- Se ha convertido en un prófugo peor que Puigdemont y solo tiene ya dos finales posibles
A este presidente lo eligieron un terrorista, un golpista y un prófugo, además de las dos caras del chavismo-leninismo españolas, la agria de Pablo Iglesias y la fútil de Yolanda Díaz.
Compensar la ausencia de votos propios con pactos parlamentarios es legal siempre, pero solo es además legítimo cuando las partes renuncian a credos propios para construir proyectos compartidos desde el respeto a una premisa que les desborda a todos y enlaza con el intocable espacio compartido que es un país en el que, para convivir, hay que asumir los límites y tolerar sus diferencias.
La legitimidad de Sánchez acabó cuando, para lograr su objetivo, invirtió los términos institucionales, morales e incluso geográficos: negoció su futuro en el extranjero, aceptó destrozar el Código Penal y la Constitución y transformó en enemigo a la mitad de España para justificar su coyunda nefanda con lo peor de la otra media.
Sé que leer estas rotundas líneas provoca erisipela en los sanchistas más cafeteros, que son como patitos siguiendo a su pata madre, pero es la triste realidad y no se puede camuflar ni con las toneladas de pachuli vertidas por la Orquesta Filarmónica de RTVE, siempre dispuesta a adecentar al capo tocando serenatas en medio del infierno.
Pero es lo que hay y todo nace de ese pecado original consistente en comprarse una Presidencia corrupta en su génesis: es lo mismo entregar un maletín con billetes a cambio de una recalificación que llenarlo de amnistías y cupos para lograr una investidura.

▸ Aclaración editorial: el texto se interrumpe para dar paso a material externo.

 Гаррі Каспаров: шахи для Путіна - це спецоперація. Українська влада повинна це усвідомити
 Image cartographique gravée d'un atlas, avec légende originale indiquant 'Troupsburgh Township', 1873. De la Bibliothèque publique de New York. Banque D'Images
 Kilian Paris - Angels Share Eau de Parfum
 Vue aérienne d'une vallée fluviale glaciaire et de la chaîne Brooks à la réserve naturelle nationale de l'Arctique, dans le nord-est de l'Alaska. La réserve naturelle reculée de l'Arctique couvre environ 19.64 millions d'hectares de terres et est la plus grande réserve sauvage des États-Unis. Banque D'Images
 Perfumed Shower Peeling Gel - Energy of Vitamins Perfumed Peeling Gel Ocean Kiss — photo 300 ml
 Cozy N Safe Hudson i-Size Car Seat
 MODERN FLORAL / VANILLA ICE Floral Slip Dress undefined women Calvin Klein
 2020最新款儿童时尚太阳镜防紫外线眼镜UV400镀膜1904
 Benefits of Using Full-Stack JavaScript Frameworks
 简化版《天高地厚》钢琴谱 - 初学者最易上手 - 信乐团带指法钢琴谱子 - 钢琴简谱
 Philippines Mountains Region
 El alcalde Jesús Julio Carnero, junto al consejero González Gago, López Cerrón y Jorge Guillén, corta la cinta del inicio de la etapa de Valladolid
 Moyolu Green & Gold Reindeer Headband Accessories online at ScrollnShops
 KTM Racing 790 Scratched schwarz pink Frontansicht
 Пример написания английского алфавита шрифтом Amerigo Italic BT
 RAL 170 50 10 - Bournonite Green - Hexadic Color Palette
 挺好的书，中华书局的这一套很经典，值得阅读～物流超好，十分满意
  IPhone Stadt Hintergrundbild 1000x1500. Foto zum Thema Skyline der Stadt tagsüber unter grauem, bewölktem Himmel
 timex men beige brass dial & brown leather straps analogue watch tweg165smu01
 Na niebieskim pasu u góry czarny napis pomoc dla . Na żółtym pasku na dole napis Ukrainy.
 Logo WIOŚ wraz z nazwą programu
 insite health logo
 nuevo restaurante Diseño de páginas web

La imagen de Puigdemont compareciendo en un país al que le dejaron fugarse otra vez para expresar su descontento con el cumplimiento del pacto mafioso es un símbolo de una degradación imposible de normalizar, que explica a su vez todas las demás: en una huida hacia adelante, tras ese pecado germinal, a Sánchez no lo queda más remedio que disparar a todo lo que se mueve, como un forajido tras robar un banco.
El asalto a las instituciones, las coacciones a los jueces, el ataque a la Guardia Civil, el desprecio a los contrapoderes, la negación de la alternativa o la inquina a los propios ciudadanos son consecuencia de esa insurrección fundacional del sanchismo, condenado desde el primer momento por su negativa a aceptar que las urnas no le quieren lo suficiente para poder gobernar a un país sin destruirlo.
De Sánchez, en fin, sabemos los primeros pasos, pero nos falta por adivinar el último, cuando se encuentre con un control policial en una de las carreteras secundarias por las que huye.
Y solo hay dos opciones: o se para y entrega, tumbándose en el asfalto con las manos extendidas, o embiste al dispositivo y que se sea lo que Dios quiera. No hay que ser muy lince para adivinar su elección, por mucho que le cueste encomendarse a otro más Altísimo que él.